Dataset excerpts
===
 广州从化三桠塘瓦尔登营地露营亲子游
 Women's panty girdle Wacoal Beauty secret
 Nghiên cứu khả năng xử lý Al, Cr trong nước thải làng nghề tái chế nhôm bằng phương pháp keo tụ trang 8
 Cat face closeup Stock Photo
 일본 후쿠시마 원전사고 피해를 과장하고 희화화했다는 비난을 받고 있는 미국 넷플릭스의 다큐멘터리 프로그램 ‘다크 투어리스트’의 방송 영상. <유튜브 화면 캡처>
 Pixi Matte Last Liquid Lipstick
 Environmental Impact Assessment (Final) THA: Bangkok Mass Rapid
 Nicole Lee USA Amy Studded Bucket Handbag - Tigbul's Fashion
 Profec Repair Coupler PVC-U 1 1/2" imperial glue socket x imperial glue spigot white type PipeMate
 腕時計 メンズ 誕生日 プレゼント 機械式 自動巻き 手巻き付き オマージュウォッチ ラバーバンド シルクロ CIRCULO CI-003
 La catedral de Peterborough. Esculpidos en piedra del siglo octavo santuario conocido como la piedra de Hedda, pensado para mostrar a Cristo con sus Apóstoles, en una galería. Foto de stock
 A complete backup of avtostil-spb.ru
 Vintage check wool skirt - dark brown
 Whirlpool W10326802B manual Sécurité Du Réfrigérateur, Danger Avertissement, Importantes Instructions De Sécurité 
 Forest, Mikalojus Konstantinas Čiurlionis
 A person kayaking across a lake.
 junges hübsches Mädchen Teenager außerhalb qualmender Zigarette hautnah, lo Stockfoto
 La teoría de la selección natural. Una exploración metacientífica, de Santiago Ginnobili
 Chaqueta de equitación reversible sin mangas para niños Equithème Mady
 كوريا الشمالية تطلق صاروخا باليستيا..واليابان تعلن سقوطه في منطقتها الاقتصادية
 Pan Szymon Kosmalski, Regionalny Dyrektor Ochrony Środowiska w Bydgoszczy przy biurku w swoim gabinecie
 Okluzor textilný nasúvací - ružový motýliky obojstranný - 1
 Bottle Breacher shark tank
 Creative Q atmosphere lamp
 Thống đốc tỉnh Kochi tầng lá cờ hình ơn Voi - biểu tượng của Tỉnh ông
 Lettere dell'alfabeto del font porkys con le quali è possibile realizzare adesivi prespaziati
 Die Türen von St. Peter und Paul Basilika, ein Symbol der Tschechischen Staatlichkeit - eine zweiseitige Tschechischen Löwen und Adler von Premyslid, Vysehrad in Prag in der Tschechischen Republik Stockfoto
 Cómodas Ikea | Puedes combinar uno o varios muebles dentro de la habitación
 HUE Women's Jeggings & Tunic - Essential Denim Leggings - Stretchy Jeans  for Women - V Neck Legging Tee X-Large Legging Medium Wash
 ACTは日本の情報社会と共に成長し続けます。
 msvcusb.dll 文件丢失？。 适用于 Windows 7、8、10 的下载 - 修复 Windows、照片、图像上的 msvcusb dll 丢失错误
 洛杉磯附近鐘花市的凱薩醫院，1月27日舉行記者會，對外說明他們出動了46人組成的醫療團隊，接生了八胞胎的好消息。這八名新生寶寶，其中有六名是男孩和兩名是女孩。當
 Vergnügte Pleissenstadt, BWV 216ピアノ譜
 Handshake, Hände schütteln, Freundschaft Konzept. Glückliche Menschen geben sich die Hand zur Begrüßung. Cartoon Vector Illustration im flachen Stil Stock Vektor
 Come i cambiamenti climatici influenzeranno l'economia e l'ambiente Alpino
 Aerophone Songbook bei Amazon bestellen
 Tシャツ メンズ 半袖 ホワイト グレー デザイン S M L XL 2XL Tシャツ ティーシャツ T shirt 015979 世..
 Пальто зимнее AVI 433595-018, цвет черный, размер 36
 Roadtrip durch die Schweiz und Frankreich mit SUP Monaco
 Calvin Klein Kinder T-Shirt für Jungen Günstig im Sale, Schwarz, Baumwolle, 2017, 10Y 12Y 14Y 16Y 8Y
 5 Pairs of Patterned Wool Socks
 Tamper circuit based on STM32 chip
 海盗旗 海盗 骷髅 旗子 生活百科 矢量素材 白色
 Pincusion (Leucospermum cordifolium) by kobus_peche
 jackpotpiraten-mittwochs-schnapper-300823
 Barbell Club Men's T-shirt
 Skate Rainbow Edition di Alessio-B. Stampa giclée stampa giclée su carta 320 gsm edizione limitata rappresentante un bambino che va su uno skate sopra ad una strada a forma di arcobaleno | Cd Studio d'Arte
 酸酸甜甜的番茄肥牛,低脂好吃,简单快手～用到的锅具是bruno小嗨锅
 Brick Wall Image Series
===
Nothing but a number should be given: the number of lines in the records that contain the word "Stockfoto".

The completed task:
2